Ternate – Badan Pembinaan Hukum Nasional (BPHN) Kementerian Hukum (Kemenkum) menyelenggarakan Rapat Kerja Teknis Program Pembinaan Hukum Nasional Tahun 2026. Kakanwil Kemenkum Malut, Budi Argap Situngkir, Kadiv Peraturan Perundang-undangan dan Pembinaan Hukum, Mia Kusuma Fitriana, Kabag Tata Usaha dan Umum, La Dariani dan jajaran mengikuti secara virtual kegiatan tersebut, Kamis (22/1).
Dalam arahannya, Kepala Badan Pembinaan Hukum Nasional, Min Usihen, menegaskan bahwa rapat kerja teknis ini menjadi momentum penting untuk menyatukan pemahaman, arah kebijakan, serta langkah strategis seluruh Kantor Wilayah dalam melaksanakan pembinaan hukum nasional di daerah. Ia menekankan pentingnya peningkatan kepatuhan hukum masyarakat, pembangunan budaya hukum, serta penguatan kepastian dan keadilan hukum sebagai fondasi pembangunan hukum nasional.
“Kegiatan pembinaan hukum harus mampu memberikan dampak nyata bagi masyarakat, baik melalui pembinaan Pos Bantuan Hukum di desa dan kelurahan, penguatan Indeks Reformasi Hukum, maupun analisis dan evaluasi peraturan daerah,” tegas Min Usihen.
Kepala BPHN juga menekankan bahwa sinergi antara BPHN dan Kantor Wilayah menjadi kunci keberhasilan pelaksanaan program prioritas tahun 2026. Kanwil diharapkan aktif melakukan pendampingan kepada Pemerintah Daerah, meningkatkan kualitas regulasi daerah, serta memperluas akses masyarakat terhadap layanan dan informasi hukum.
Kaitan dengan itu, Kakanwil Kemenkum Malut, Budi Argap Situngkir yang akrab disapa BAS tersebut, menyambut baik pelaksanaan rapat kerja teknis ini dan menegaskan komitmen jajarannya untuk mendukung dan mengimplementasikan arah kebijakan serta program prioritas BPHN di wilayah Maluku Utara.
“Arahan dan kebijakan BPHN menjadi pedoman bagi kami di daerah untuk memperkuat pembinaan hukum nasional, khususnya dalam pembinaan Posbankum, penguatan Indeks Reformasi Hukum, serta analisis dan evaluasi peraturan daerah,” ujar Argap.
Lebih lanjut, Argap mengajak seluruh jajaran Kanwil Kemenkum Maluku Utara untuk menjadikan Tahun 2026 sebagai momentum peningkatan kualitas pembinaan hukum yang berorientasi pada kepastian hukum dan keadilan bagi masyarakat. Menurutnya, keberhasilan pembinaan hukum tidak hanya ditentukan oleh regulasi, tetapi juga oleh komitmen dan sinergi seluruh pemangku kepentingan.
“Kolaborasi dengan Pemerintah Daerah dan seluruh pemangku kepentingan menjadi kunci agar pembinaan hukum benar-benar dirasakan manfaatnya oleh masyarakat,” ungkap Argap.

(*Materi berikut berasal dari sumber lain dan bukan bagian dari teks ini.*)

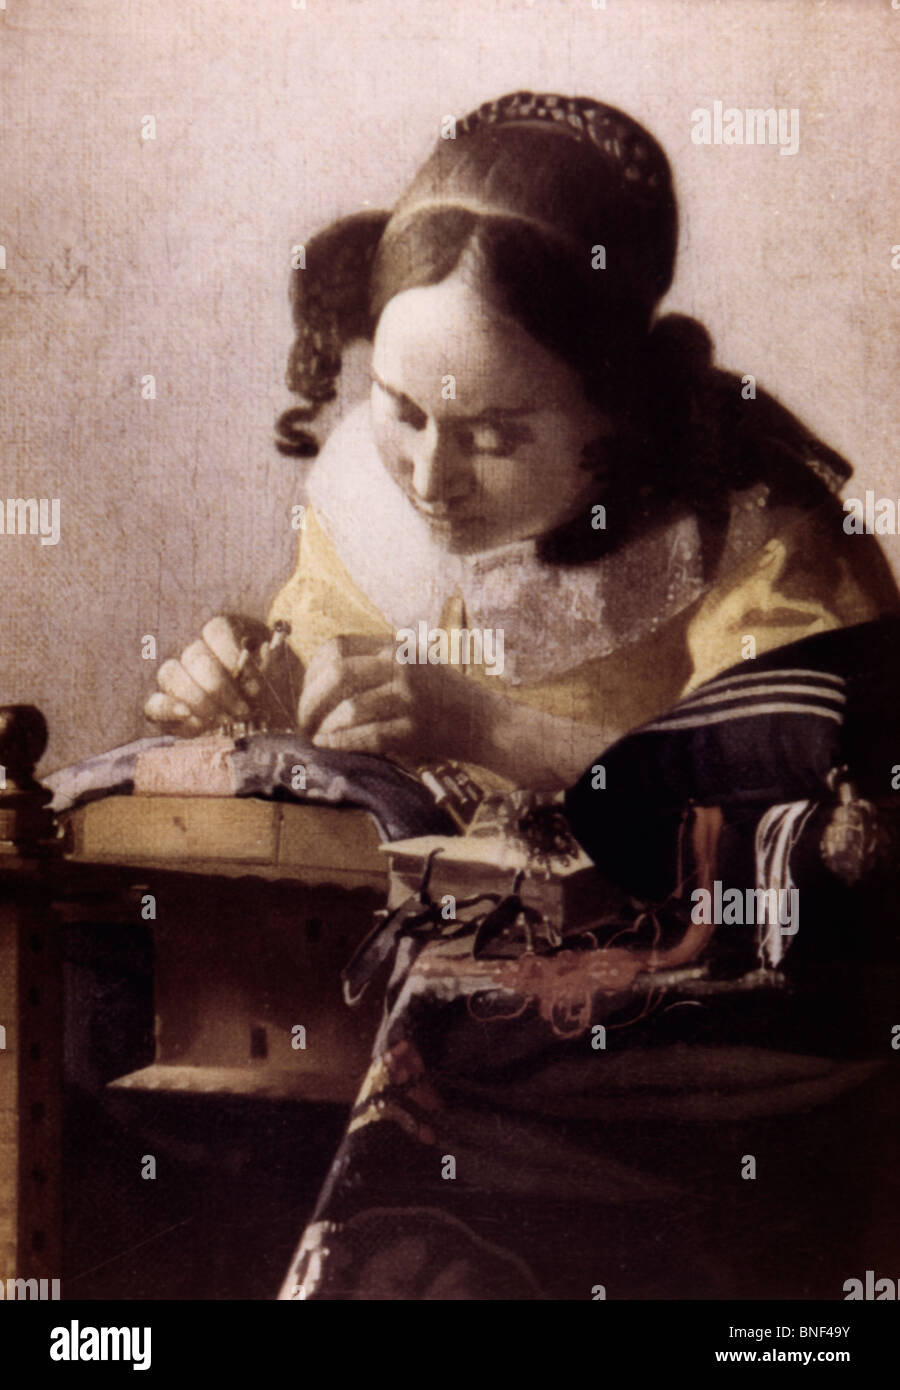 The Lace Maker by Jan Vermeer of Delft, c. 1664, France, Paris, Musee du Louvre Stock Photo

Rapat kerja teknis ini diikuti oleh seluruh Kantor Wilayah Kementerian Hukum se-Indonesia dan diisi dengan pemaparan materi terkait pembinaan Pos Bantuan Hukum, Indeks Reformasi Hukum, analisis dan evaluasi peraturan perundang-undangan, literasi hukum, serta penguatan Jaringan Dokumentasi dan Informasi Hukum Nasional sebagai bagian dari pembangunan hukum nasional yang berkelanjutan.